Шалагин работал в цехе — монтировал новые станки, привезенные из Германии. С ним рядом работал Макухин.
— Слушай, — сказал Шалагин, — помоги немножко в личном вопросе, а?
— В каком это? — брюзгливо спросил Макухин.
— Строиться начинаю.
— Ну что ж, — сказал Макухин, — договориться можно.
— Мне договариваться не из чего, — сказал Шалагин. — Московских длинных копеечек нет у меня. По-товарищески: люди мне, я людям. — (Макухин работал молча.) — Как при коммунизме.

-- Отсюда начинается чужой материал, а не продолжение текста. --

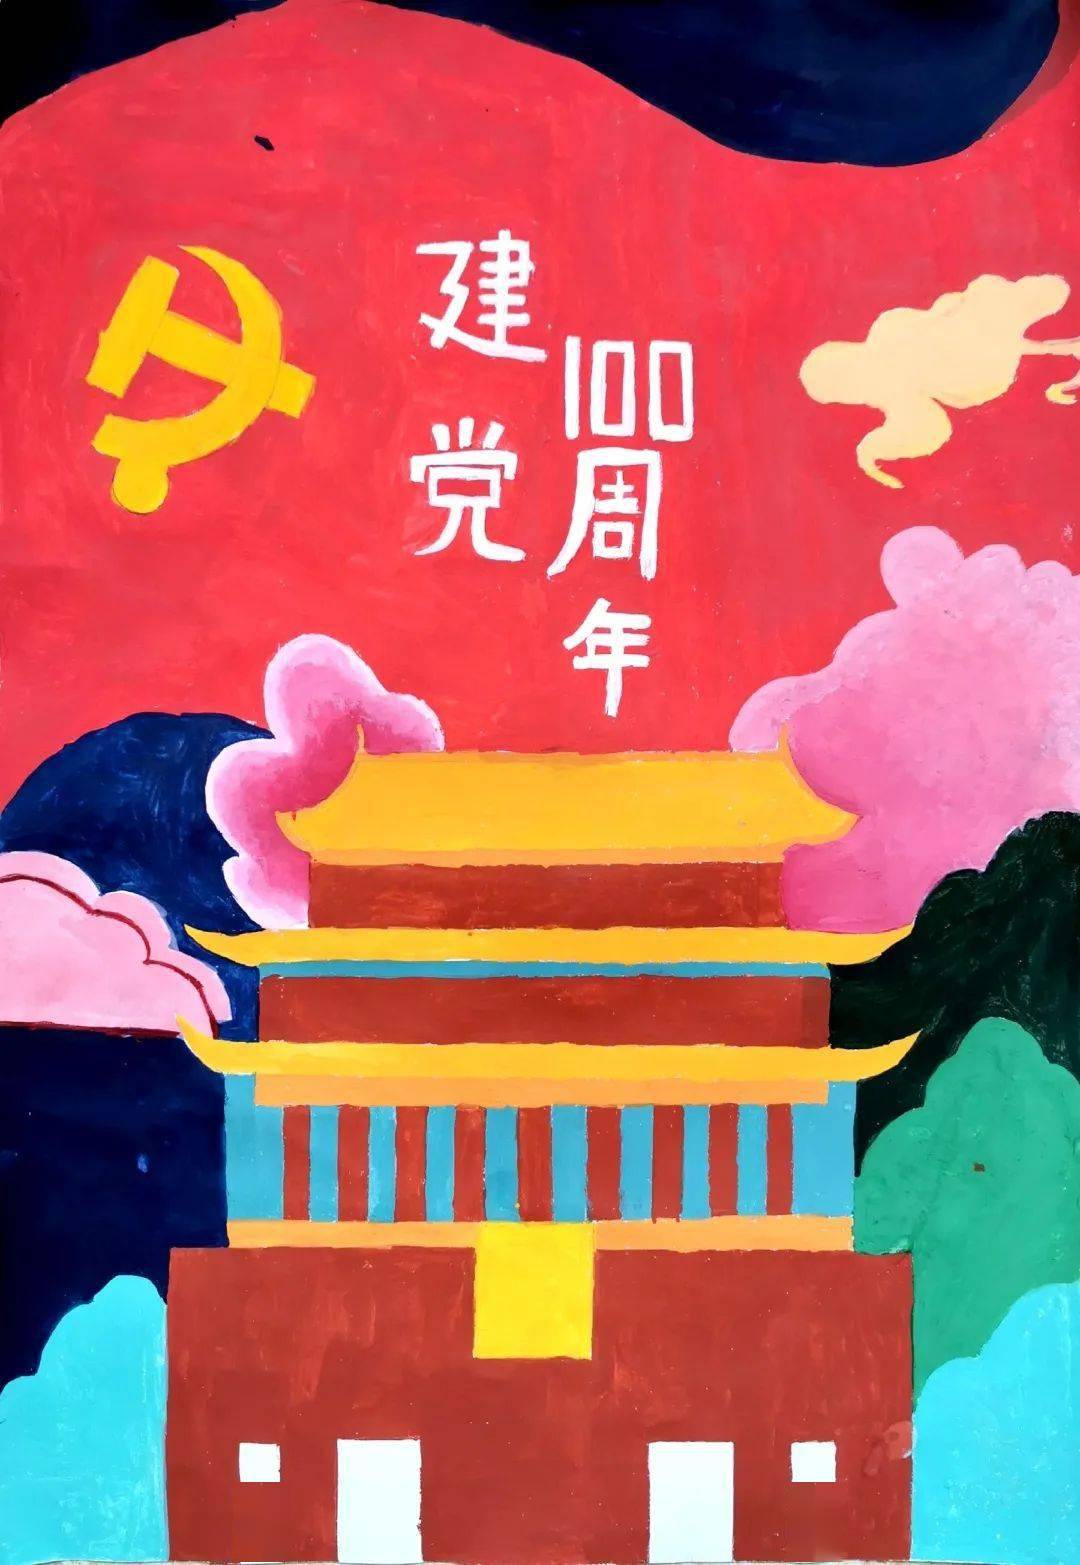 韩悦,牛丽萍 此次活动旨在以绘画的形式向中国共产党献礼,感恩党的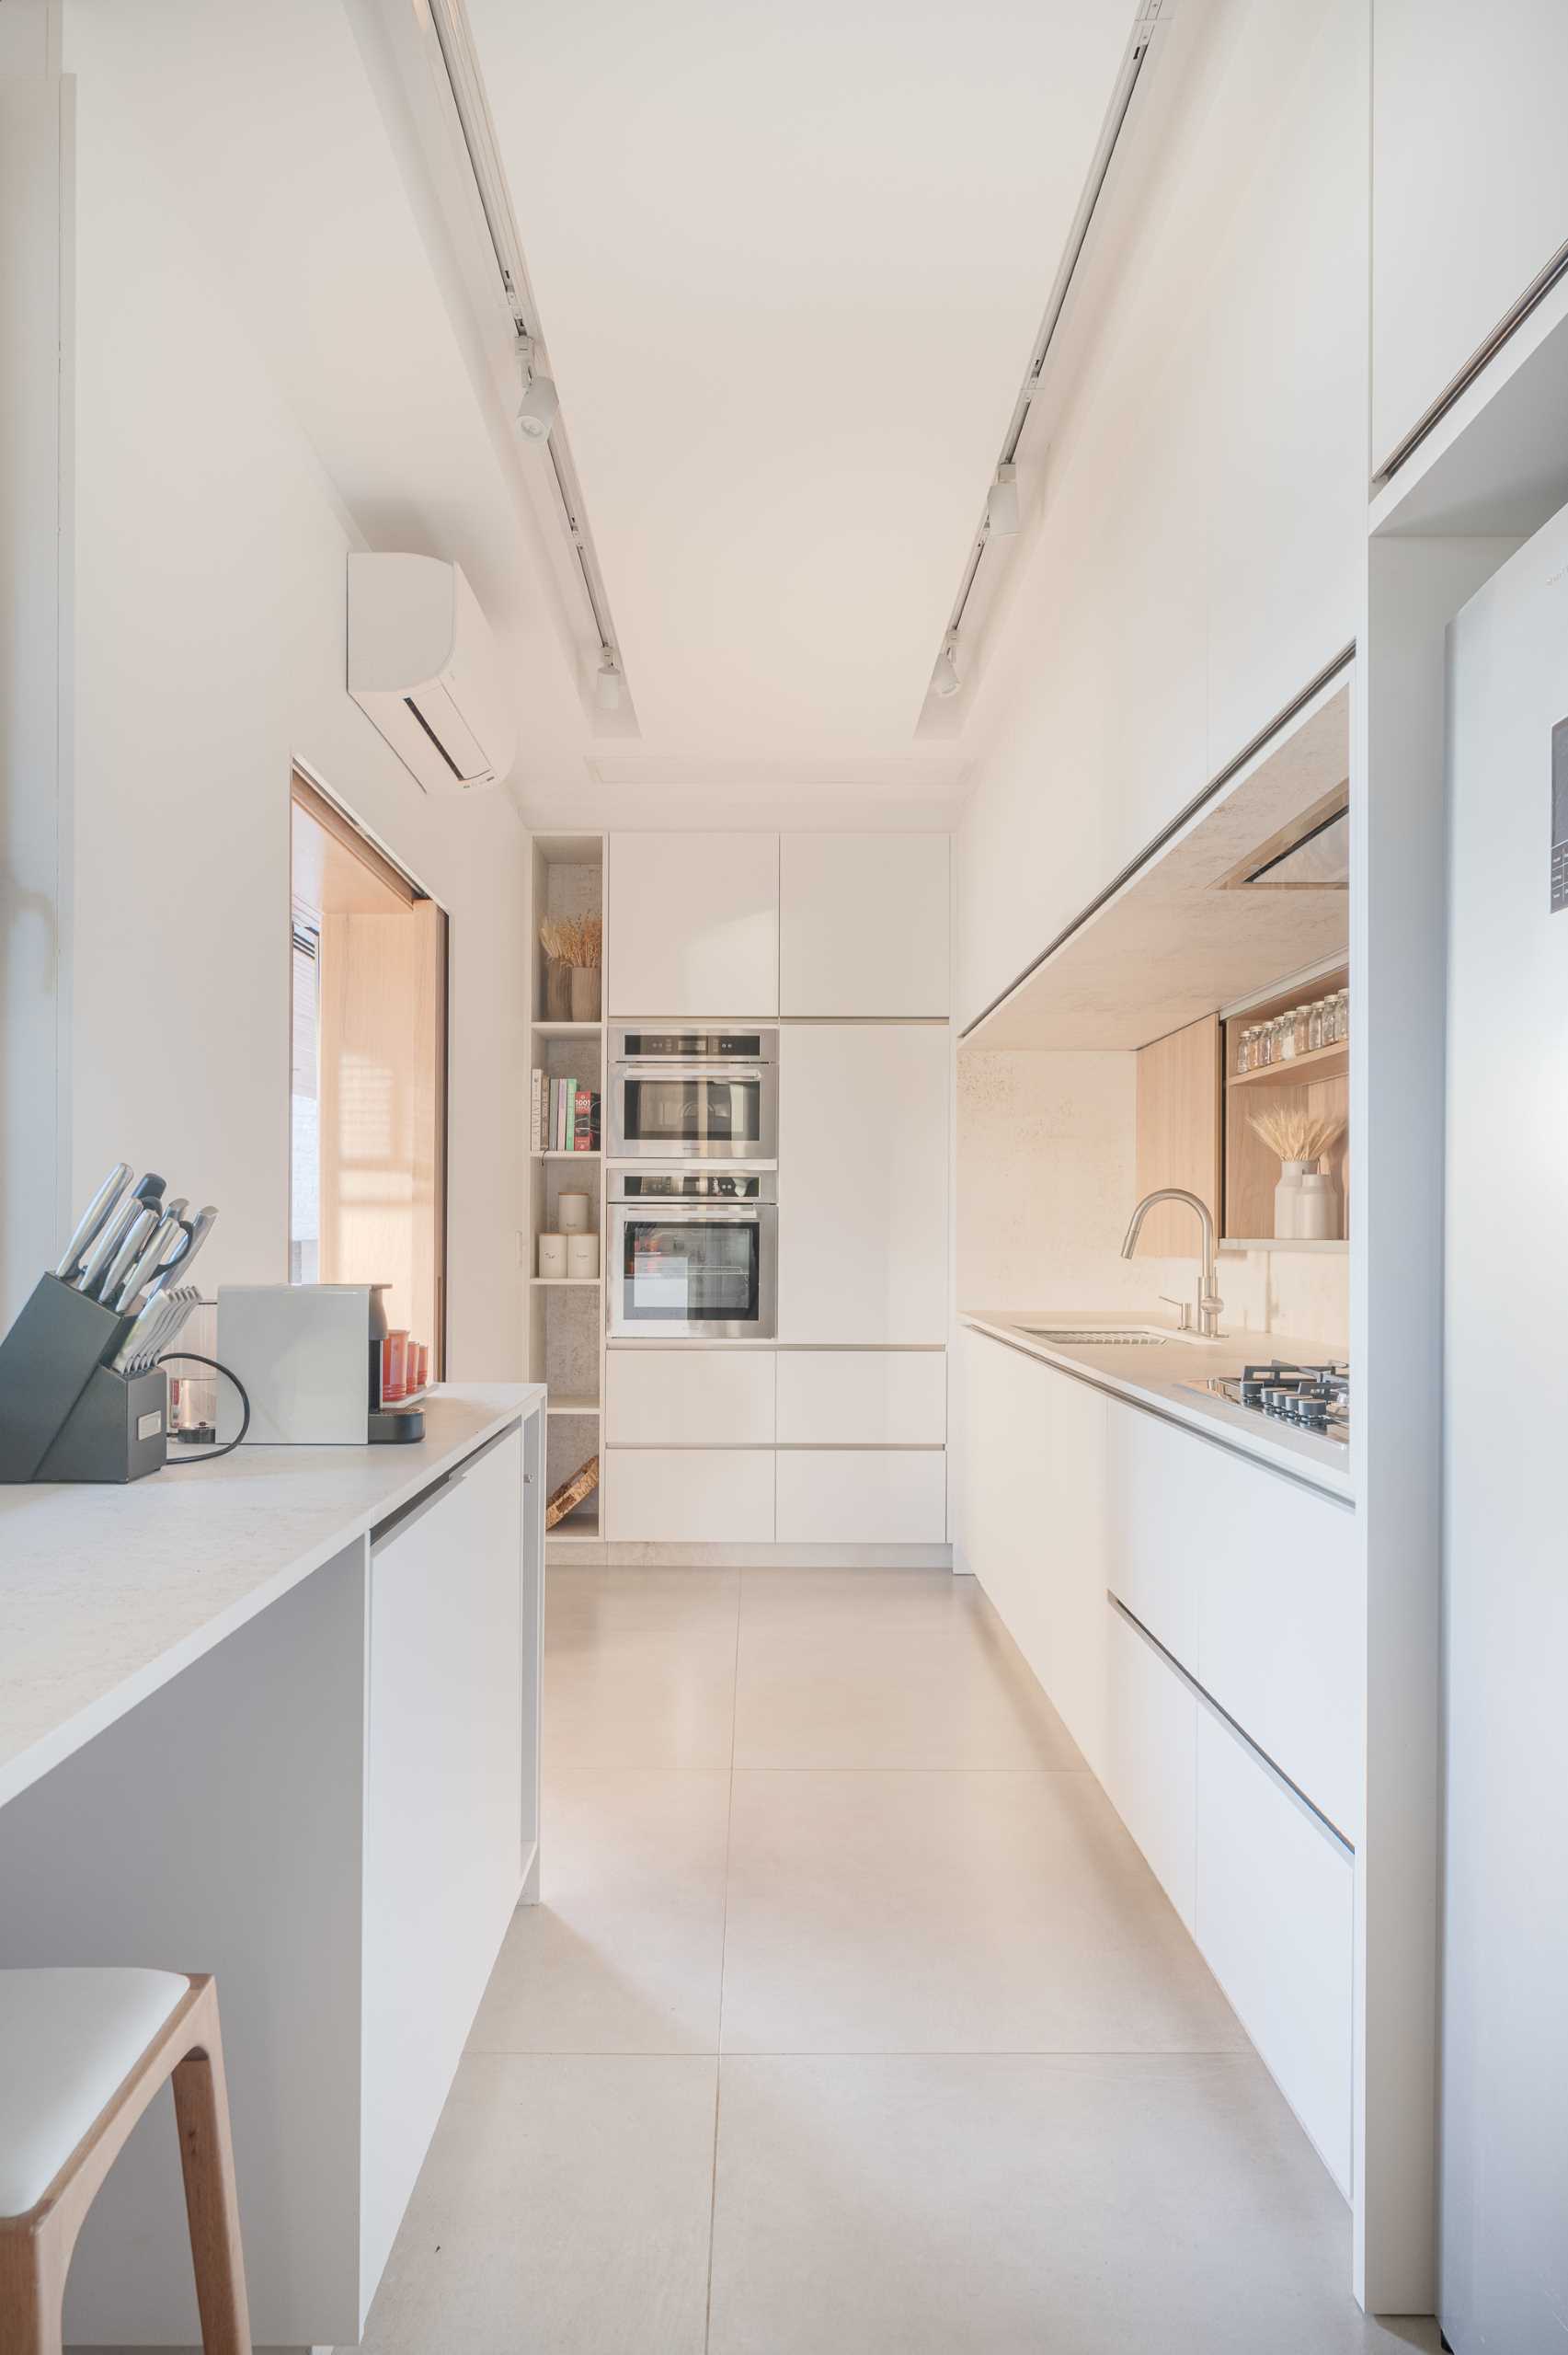 یک آشپزخانه آماده مدرن با فضای انباری فراوان.

— Кабы здоровье, — сказал Макухин. — Вот в чем дело. Помочь можно. И как при коммунизме можно. Все можно. Да печенка у меня больная. Вот в чем дело.
— Ну, если печенка… — сказал Шалагин.
Идя с работы, он увидел Ахрамовича. Тот копался в потрошках своего грузовика.
— Слушай, — сказал Шалагин, — ты в сторону Подборовья не собираешься?
— Может случиться, — отозвался Ахрамович, — а что?
— Лес мне оттуда надо привезти.
— Привезем, коли надо, — сказал Ахрамович.
Под вечер Шалагин проходил мимо крытой загородки временного поселкового клуба. Там рядом рос старый прекрасный тополь, а вправо и влево от него тянулись тоненькие, только что посаженные топольки. Висела рукописная афиша: «Сегодня кино». Молодежь по дощечкам обходила весенние лужи, группками собиралась у входа.
Шалагин шел медленно, кого-то ища, — нашел: под тополем стояла Полина, нарядная, щелкала орешки. С ней была Тоня, она первая увидела Шалагина и просияла радостью. Он остановился:
— Привет, принцессы. В кино собрались?
— Приглашаем тебя с нами, — с усмешкой сказала Полина.
— Вот построю дом, тогда буду с вами ходить. Помогла бы мне, Полина, а? Полина!